The fireball radius is 323 feet. Radius of fireball when the shock front breaks
away 312 feet. As shock front breaks away a second thermal pulse begins.
Distance to 1 psi overpressure (moderate structural damage) 4.57 miles. Distance
to second degree burns to exposed skin 1.45 miles
.
Cloud top will stabilize at about 25,000 feet and cloud bottom will be around
14,000 feet. The cloud will have a radius of 2.68 miles and at 1 mile the
windspeed will reach 141 miles per hour. A contact burst would produce a crater
about 215 feet across and a crater about 47 feet deep assuming that it was on
solid granite. Twice that if wet soil or rock. At a distance of 2.07 mile
causalities would be expected in the open.
It is unlikely that a normalized dose rate of greater than 5000 R/Hr will occur
over any significant areas, and will be confined to very distinct hot spots
created by local topography, with microweather aspects.
The following can apply to a detonation of almost any yield. Early fallout will
normally consist of elements with high condensation temperatures - light and
refractory elements. The krypton and xenon decay chains will be almost absent
due to relative volatility. As the cloud cools the cesiums, strontiums and
iodines will condense and fallout at a distance away proportional to the time of
fall from the cloud bottom. Almost all fallout originates in the zone between
2/3 the height of the top of the stem and the cloud top as much as 30% will be
trapped in the upper atmosphere and will be deposited over a period of years!!
The relative severity of the effects from a weapon of given yield depends on the
effective energy partition.- at small yields the prompt radiation effects are
predominant. As yields go up the blast takes over through a relative short
range, as the yields get larger the effective illumination time increases the
net thermal exposure, this effect makes the thermal effects much higher at the
upper end of the yield spectrum.
If the explosion is not at a very high altitude it will have 2 distinct thermal
pulses, with most of the damage occurring with the second pulse. At low yields,
this is too quick to be of much use. But at high yields (Strategic type
warheads, ICBM's ect) this would provide a warning effect that could allow some
evasive actions. The prompt radiation doses received in the first minute after
the detonation would arrive almost instantly upon the occurrence of the
detonation and could not be evaded. In all circumstances casualty effects depend
on distance, yield and shielding.
A weapon is detonated by bringing a mass of fissionable material into a
condition of prompt supercriticality either by the explosive assembly of 2 or
more subcritical masses (design to the suitcase nukes) or by increasing the
density to decrease the surface area thereby reducing nuetron leakage. The
weapon used at Hiroshima was of the former and Nagasaki the latter.

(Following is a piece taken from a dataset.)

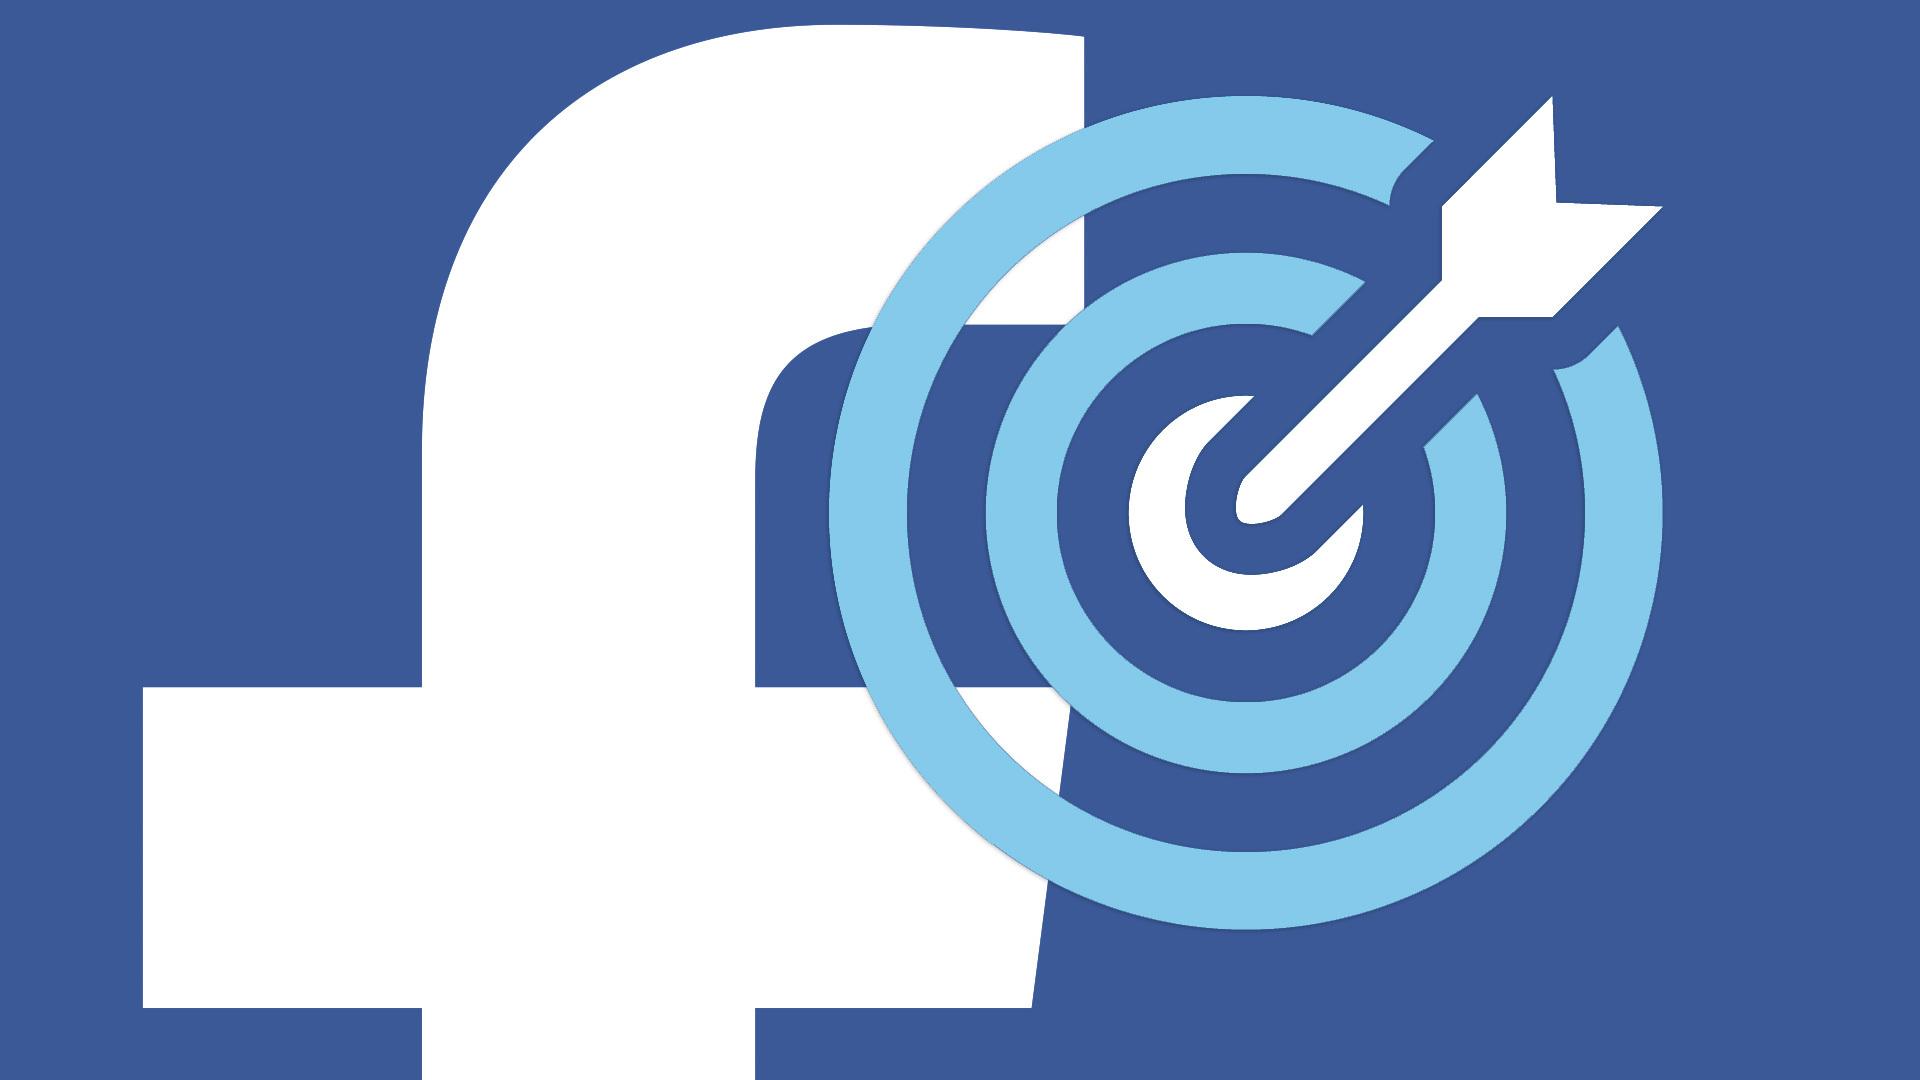 Facebook Full Hd

A significant portion of the energy appears as soft x-rays capable of
penetrating about a foot in the air. These x-rays cause a change in the air's
ability to transmit light, this allows the interior temperatures to rise to
extremes and expand violently and this region is called the fireball. At the
instance of detonation enormous quantities of nuetrons are also released with
most of them released in a fraction of a second. The nuetrons serve to activate
the oxygen and nitrogen in the atmosphere into products with very high gamma
energies and short halflives.
The rapidly expanding fireball pushes a wall of highly compressed air in front
of it called a blast wave. If the detonation was at more than a few hundred feet
the blast wave will hit the terrain and reflect. This reflected wave till tend
to join with the blast front and reinforce the overpressures increasing the
destructive radius of the blast front. The inside structures capable of
withstanding the blast fronts, internal reflection of the way can tend to focus
overpressures and increase likely hood of injury however if individuals are at a
distance away from reflecting surfaces a reverse effect has been noted.

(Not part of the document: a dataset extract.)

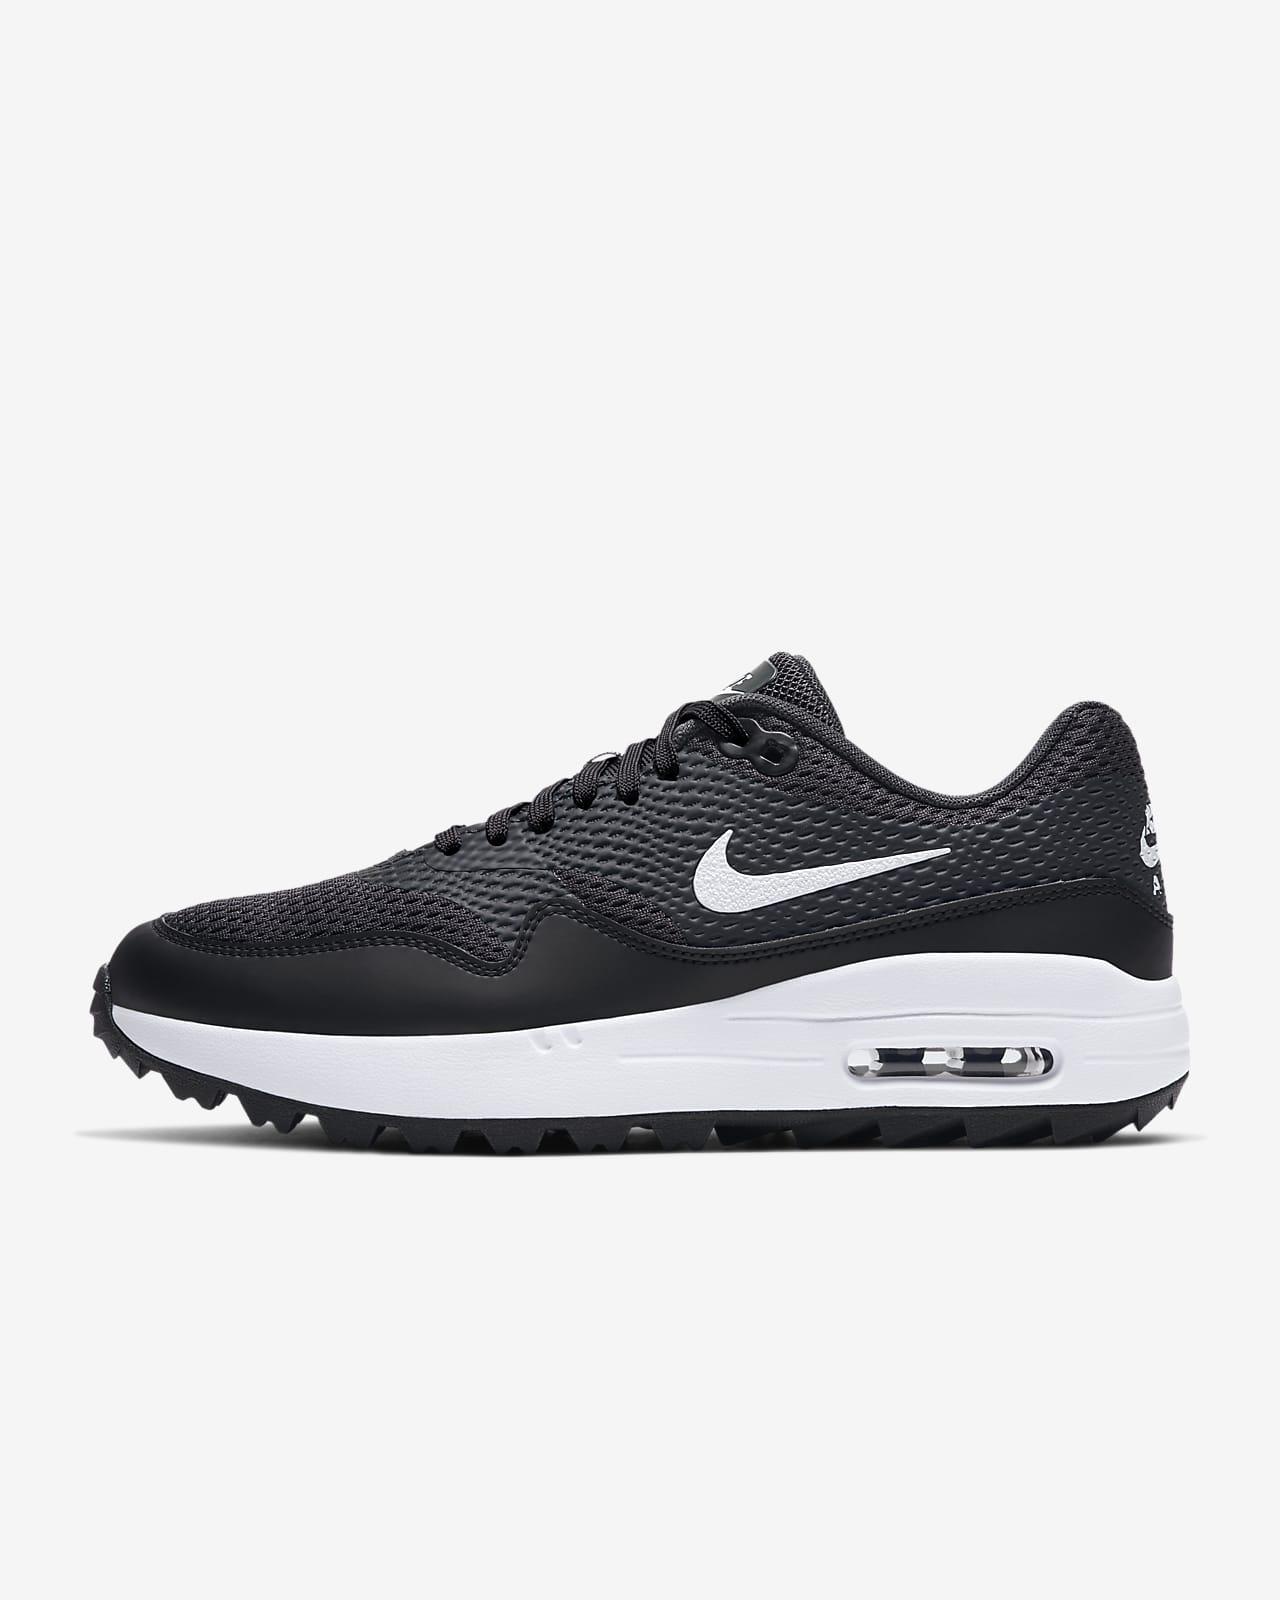 Nike Air Max 1 G Women's Golf Shoe. Nike DK

From our example of a suitcase nuke of 10Kt yield the effects although
horrendous are relatively mild compared to the strategic weapons. The biggest
problem outside the immediate area of ground zero and the narrow width of the
fallout cloud is panic on the part of the general public with the assumptions
that the effects of the weapons are far greater than they really are. Of course
any event would absolutely strain or break local fire/ems response and multiple
events will strain/break any federal response. We simply do not have civil
defense anymore except for our leaders who will be very safe in their well
stocked and protected bunkers thank you.
*Note no classified or sensitive materials were used in this overview or
compliation.
25 KT Nuclear Device:
The detonation
of a 25kt (kiloton yield) nuke would have the follow effects. The assumption is
for a ground burst of a weapon with a 10 mile per hour windspeed
doserates downwind distance and width
3000 R/Hr 3.71 Mile .11 Mile
1000 R/H 7.02 Mile .38 Mile
300 R/H 17.56 Mile 1.00Mile
100 R/H 34.73 Mile 2.40Mile
30 R/H 62.43Mile 4.23Mile
10 R/H 93.65Mile 7.07Mile
3 R/H 117.06Mile 10.08Mile
1 R/H 156.08Mile 14.18Mile
These rates are normalized at 1 hour after the detonation and note the
narrowness of the fallout width as compared to the distance from ground zero.

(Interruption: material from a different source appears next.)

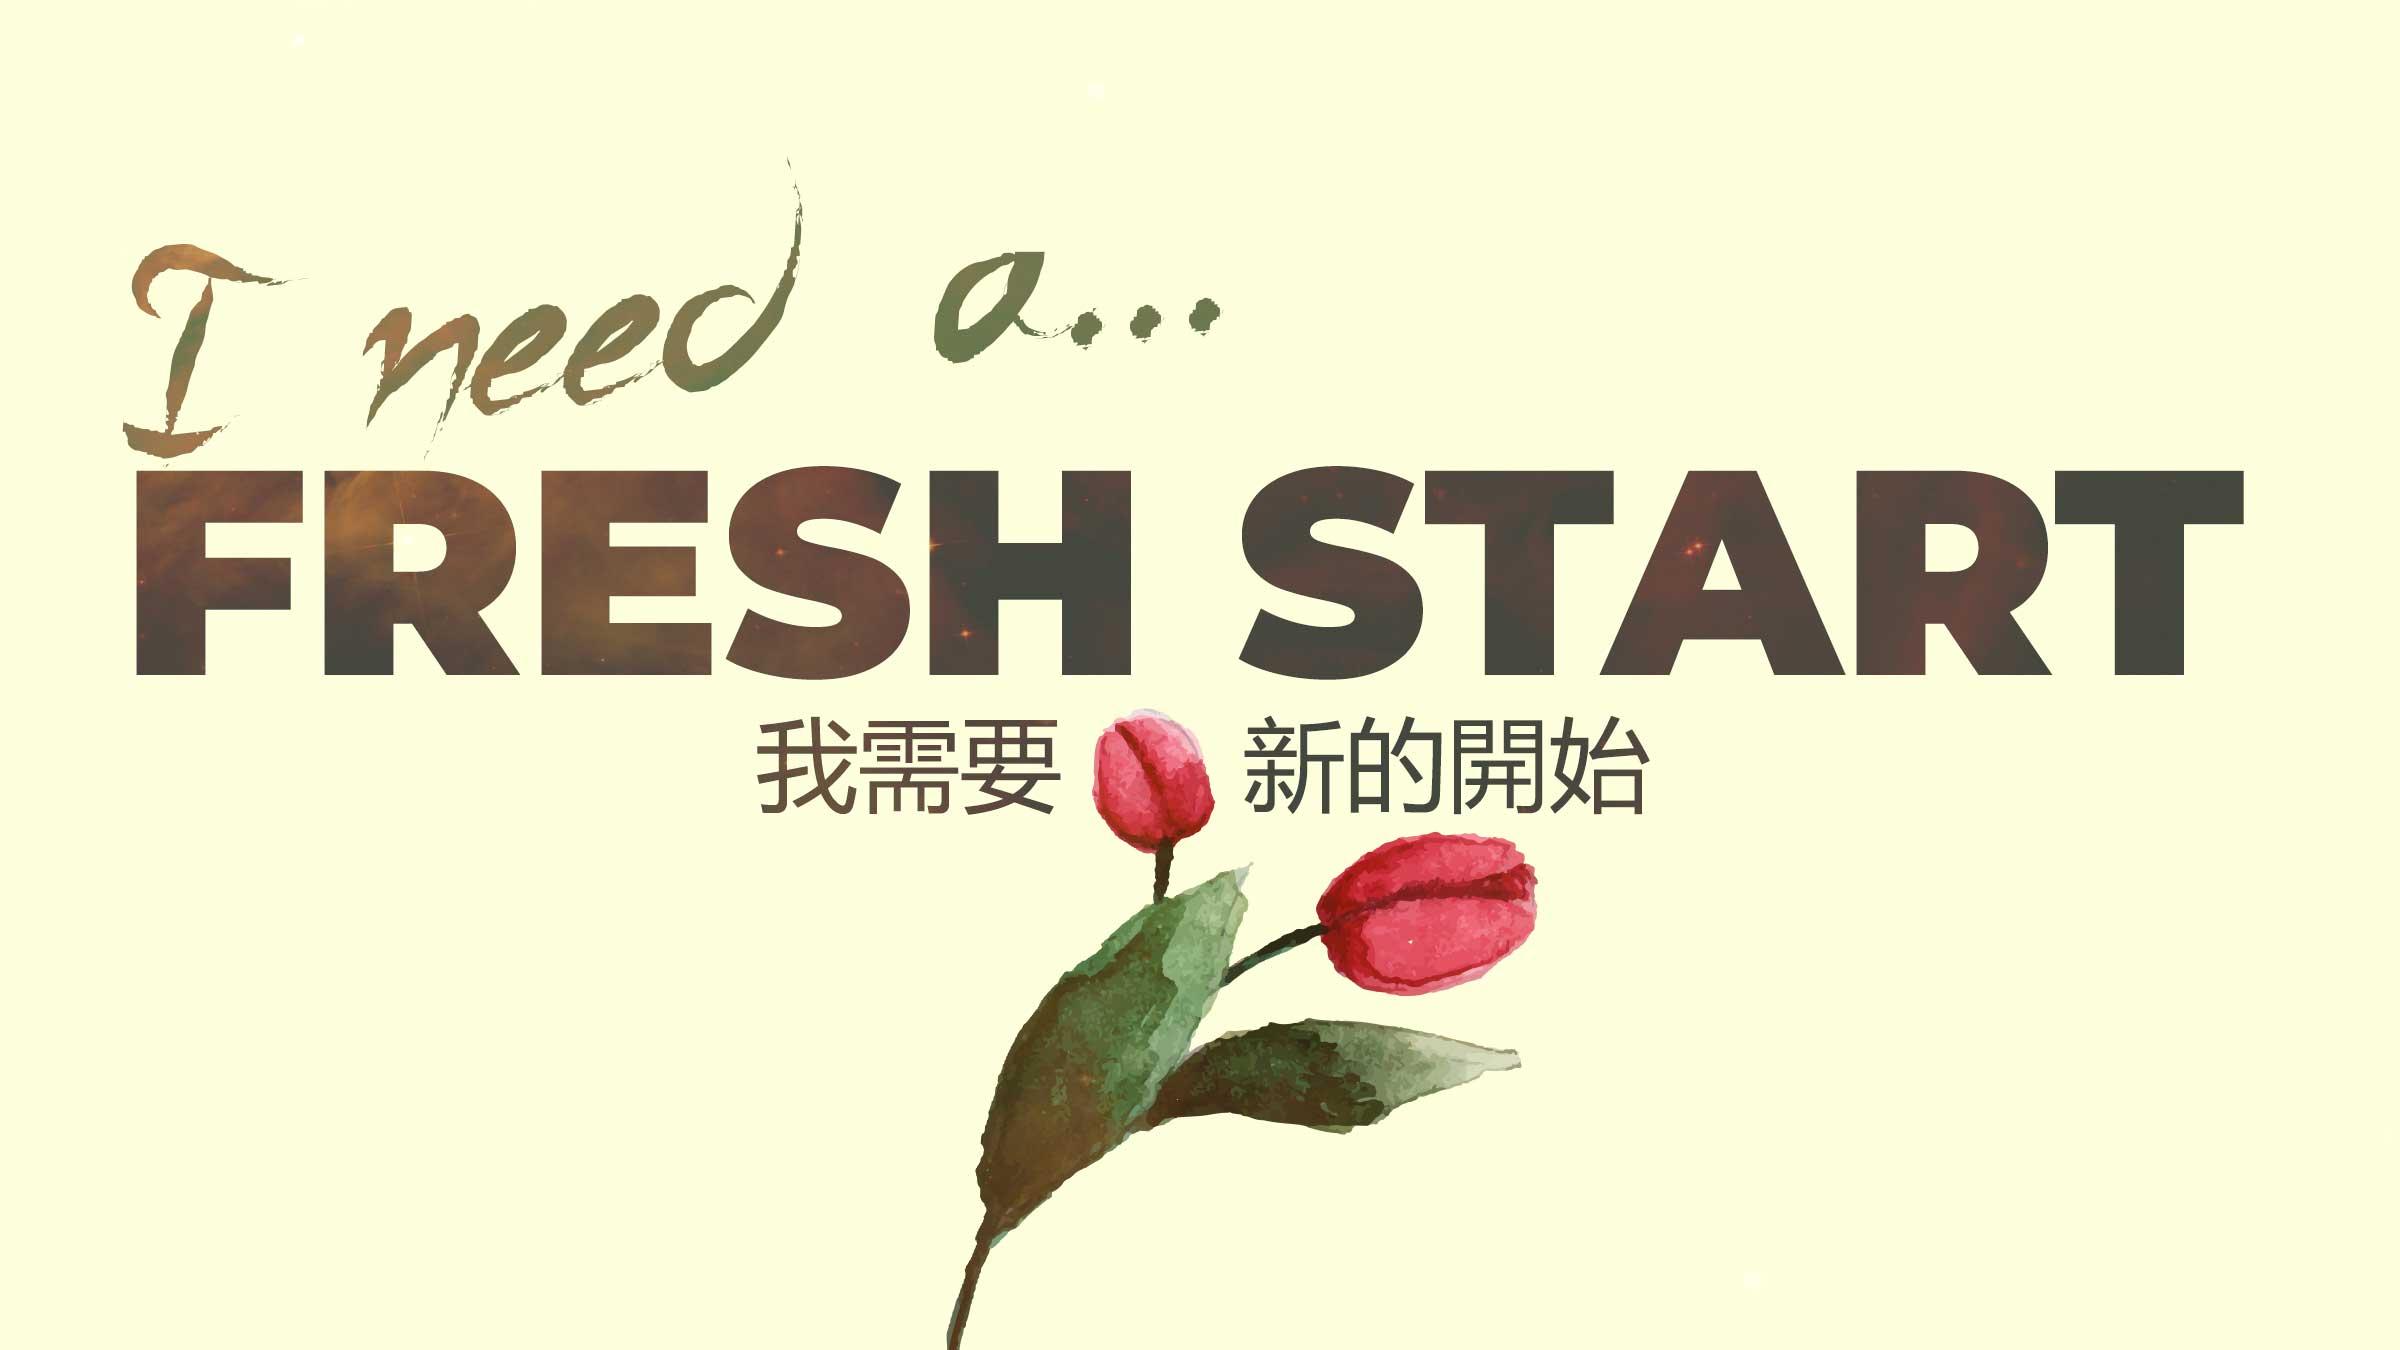 I-Need-a-Fresh-Start--Title

The fireball radius is 439 feet. Radius of fireball when the shock front breaks
away 424 feet. As shock front breaks away a second thermal pulse begins.
Distance to 1 psi overpressure (moderate structural damage) 7.32miles. Distance
to second degree burns to exposed skin 2.07miles
.
Cloud top will stabilize at about 29,500feet and cloud bottom will be around
17,500feet. The cloud will have a radius of 3.75miles and at 1 mile the
windspeed will reach 218 miles per hour. A contact burst would produce a crater
about 292 feet across and a crater about 64 feet deep assuming that it was on
solid granite. Twice that if wet soil or rock. At a distance of 3.00mile
causalities would be expected in the open.
150 KT Nuclear Device:
(source:
http://www.atomicarchive.com/Example/Example1.shtml)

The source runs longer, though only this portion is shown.